FIG. 2 illustrates this example. In this example, Talker A is
positioned to the left side of a listener and the speech signal for
Talker A reaches the listener's left ear first. The signal at the
listener's right ear is a delayed and a filtered version of the
signal first reaches the left ear. This filtered version is due to
head shadow effect. For Talker B, the speech signal reaches the
listener's right ear first and the signal at left ear is a delayed
and filtered version.
[0011] One illustrative architecture for audio processing is a
centralized teleconferencing system where a conference bridge is
capable of transmitting stereo signal to terminals. FIG. 3
illustrates an example centralized stereo teleconferencing system.
Example centralized teleconferencing system 300 includes a
conference bridge 301 and a plurality of user terminals 351-357.
From the audio system point of view, conference bridge 301 receives
mono audio streams 371, such as microphone signals, from the
terminals, such as terminal 351, and processes them, e.g., perform
automatic gain control, active stream detection, mixing,
spatialization, by a signal processing component 303 to provide a
stereo output signal, such as lines 373 and 375, to the user
terminals.

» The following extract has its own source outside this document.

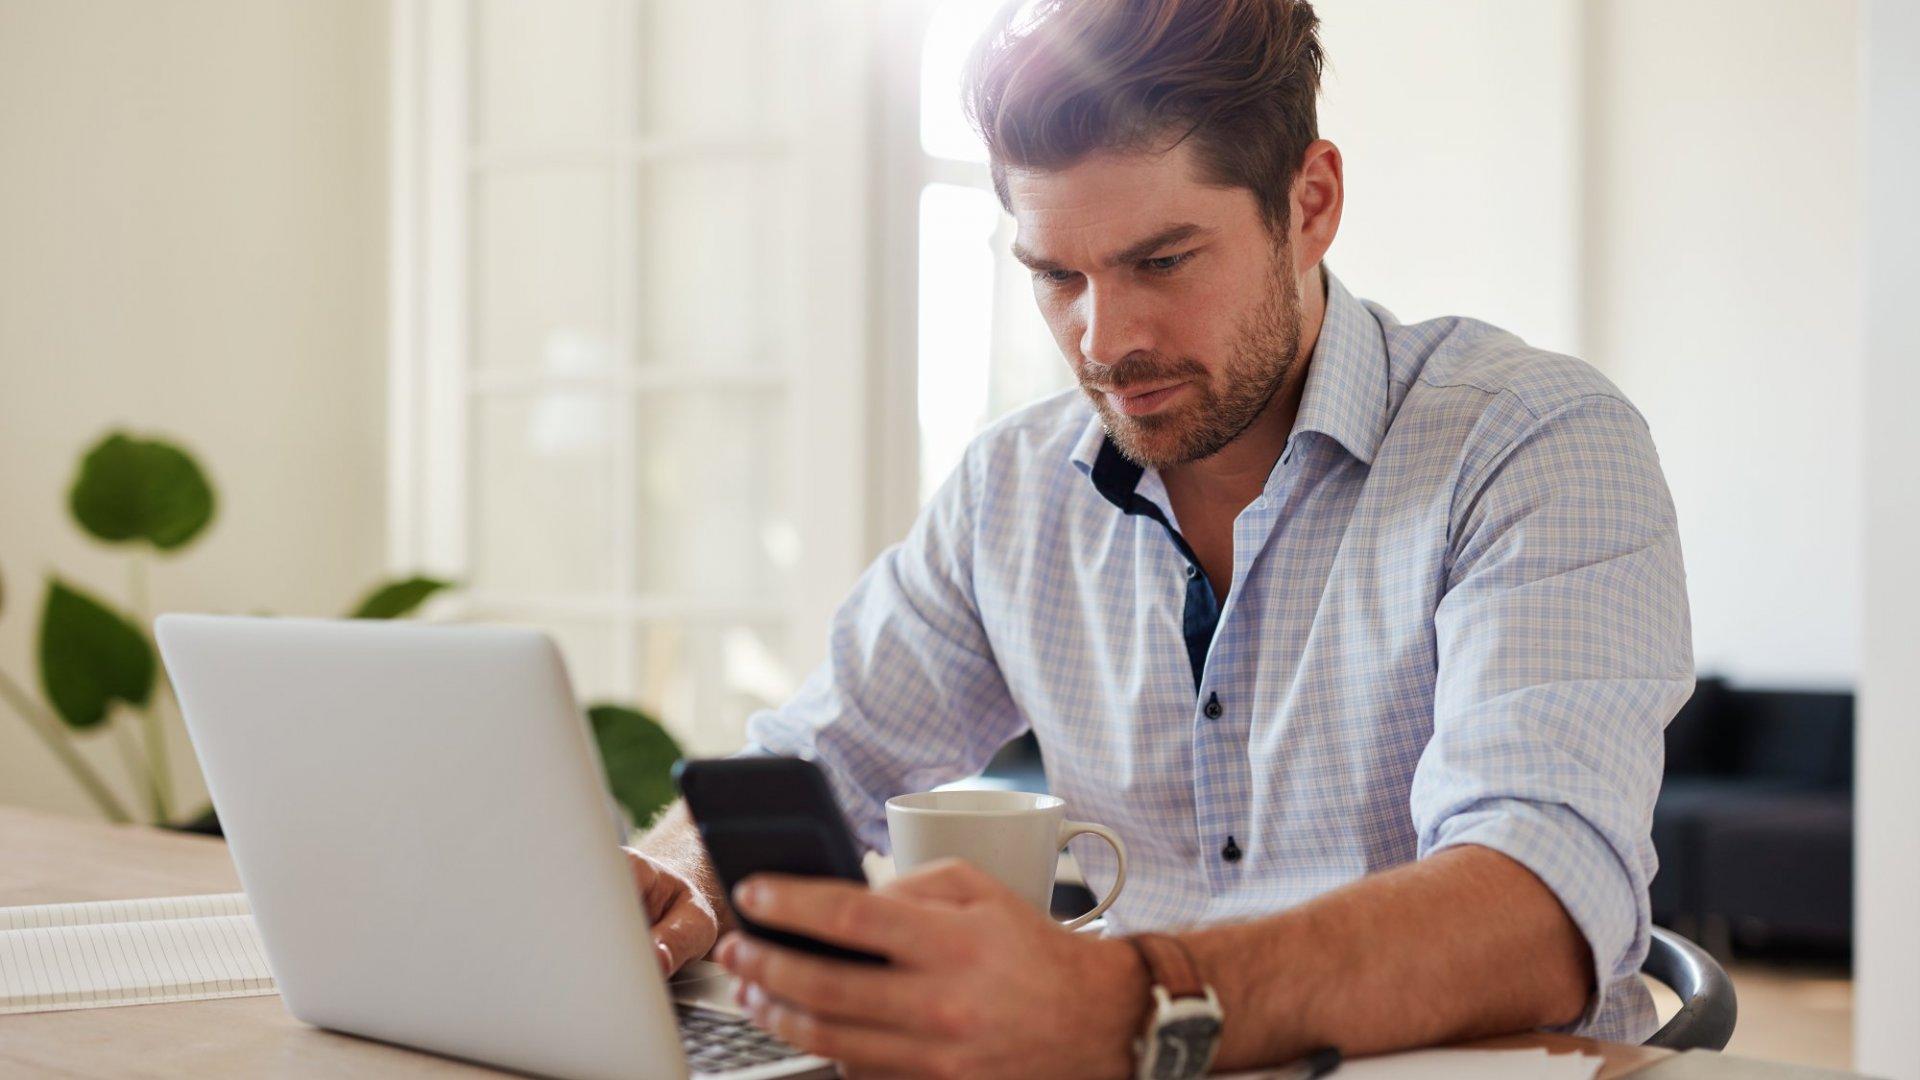 8 Steps for Entrepreneurs to Take Back their Time

The user terminals 351-357 capture audio and reproduce
stereo audio.
[0012] The stereophonic sound can be transmitted as two separately
coded mono channels, e.g., using two (2) adaptive multi-rate (AMR)
codecs, or as one stereo coded channel, e.g., using an advanced
audio encoding (AAC) codec. Currently there are no low latency
stereo speech codecs available. As such, conventional speech codecs
used in conferencing systems are narrowband codecs.
SUMMARY
[0013] There exists a need for a system and method to artificially
expand each channel of a multichannel signal for use in
teleconferencing. Aspects of the invention are directed to a system
for applying artificial bandwidth expansion to a narrowband
multichannel signal, including an estimation component configured
to receive a narrowband multichannel signal and to estimate delay
and energy level differences for each channel of the narrowband
multichannel signal. The estimated delay and energy level
differences may be based upon a similarity metrics, such as average
magnitude difference function (AMDF). An artificial bandwidth
expansion component artificially expands the bandwidth of each of
the channels of the narrowband multichannel signal separately.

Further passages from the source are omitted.